You can use IHPSTAT to check the availability of memory, at run-time. You might want to do this even if your code itself does not allocate memory dynamically: it might call library routines which do. If you get unexpected out-of-memory conditions, you can instrument your code with IHPSTAT to help locate and avoid these problems.

What follows is a makefile, a sample program, and some output to demonstrate IHPSTAT. It causes the system library routine, OPEN, to fail on an out-of-memory condition.

The program allocates a chunk of static memory, then dynamically allocates ten blocks, one at a time, until failure or done. At every step, it prints all of IHPSTAT's available information. This allows us to watch the heap approach critical limits. After the allocation loop, the program attempts to open a file, write to it, and close it.

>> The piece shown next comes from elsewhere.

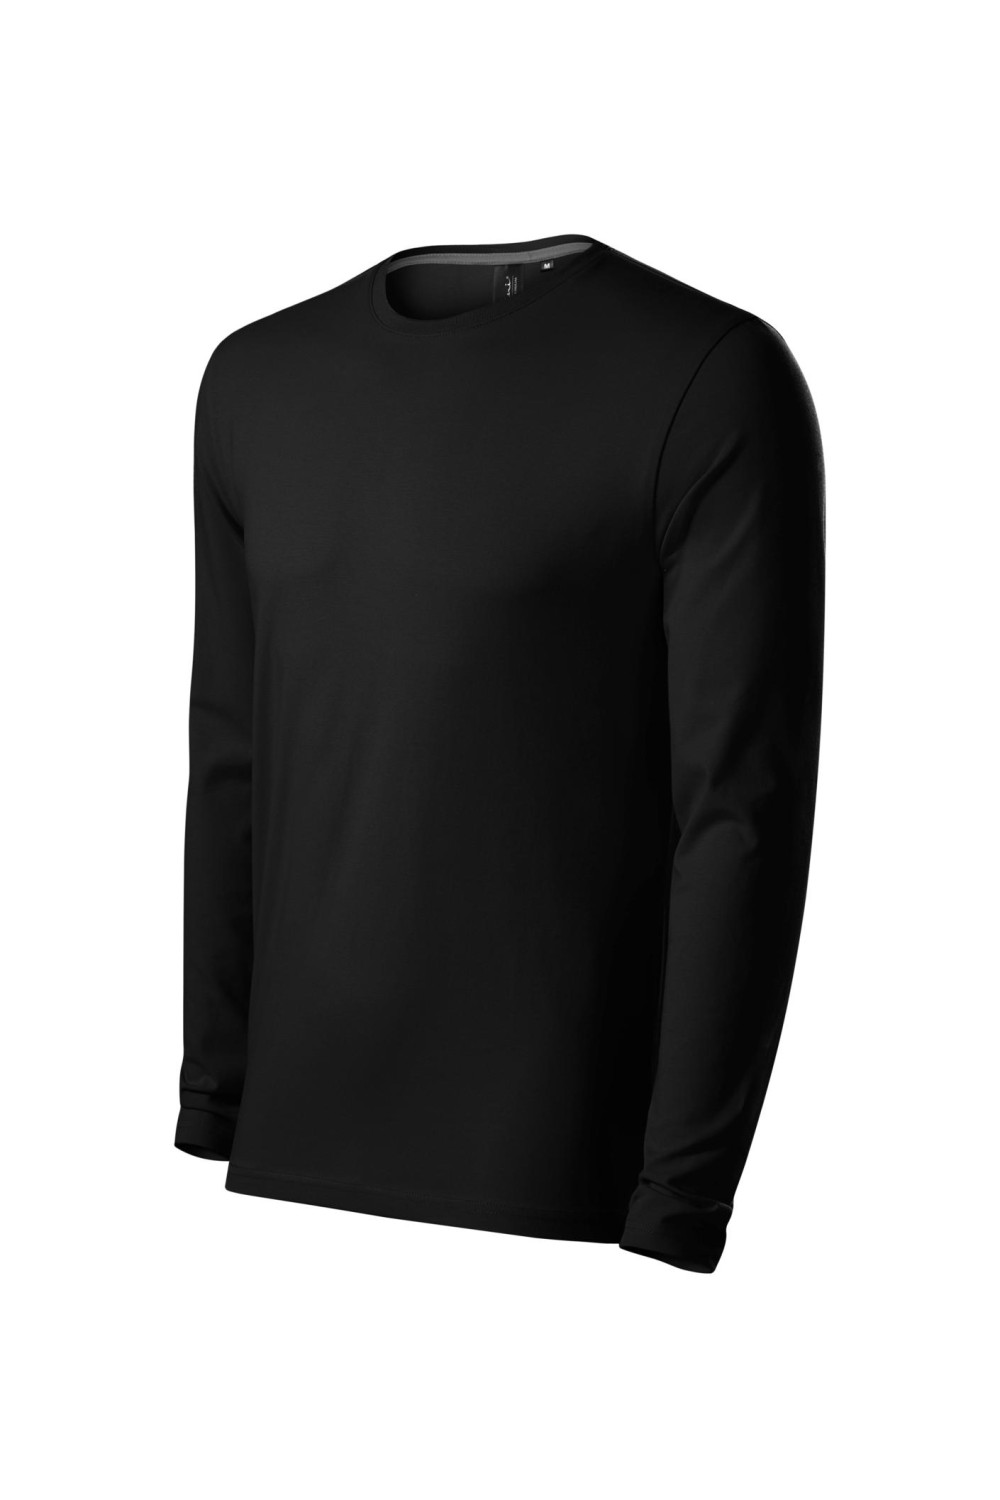 BRAVE 155 MALFINI ADLER Koszulka męska fitness z długim rękawem bawełna z elastanem czarny

For the sample run, I have requested more memory than the system can provide. I trap this error in HPALLOC (another UNICOS library routine), abort the allocation loop, and, although at this point the program is still running, it crashes in the "OPEN" call and gives this message:


  mpplib-5010 ./tst0: UNRECOVERABLE library error 
     A request for more memory has failed.
The program is, of course, designed to test memory limits. If it were a real program, there are a couple of ways the programmer might avoid a crash of this nature. The first line of defense is to trap the error in the call to OPEN:

  Replace the dangerous code:

  
100   open (unit=7, file='junk', status='unknown', access='direct',
  
     &      recl=128, form='unformatted')
  


  With an error trapping version:

  

  
100   open (unit=7, file='junk', status='unknown', access='direct',
  
     &      recl=128, form='unformatted', err=200, iostat=ios)
  

  ....
  
      goto 10000 
  

  
200   print*,"Error in open: iostat=", ios
  
      stop
  

  
10000 end
  

A second approach is to use the output of IHPSTAT(11) to watch for critically low memory. An advantage of this approach is that it can be used to protect any library calls -- even those which, unlike OPEN and HPALLOC, do not have built-in exception handling.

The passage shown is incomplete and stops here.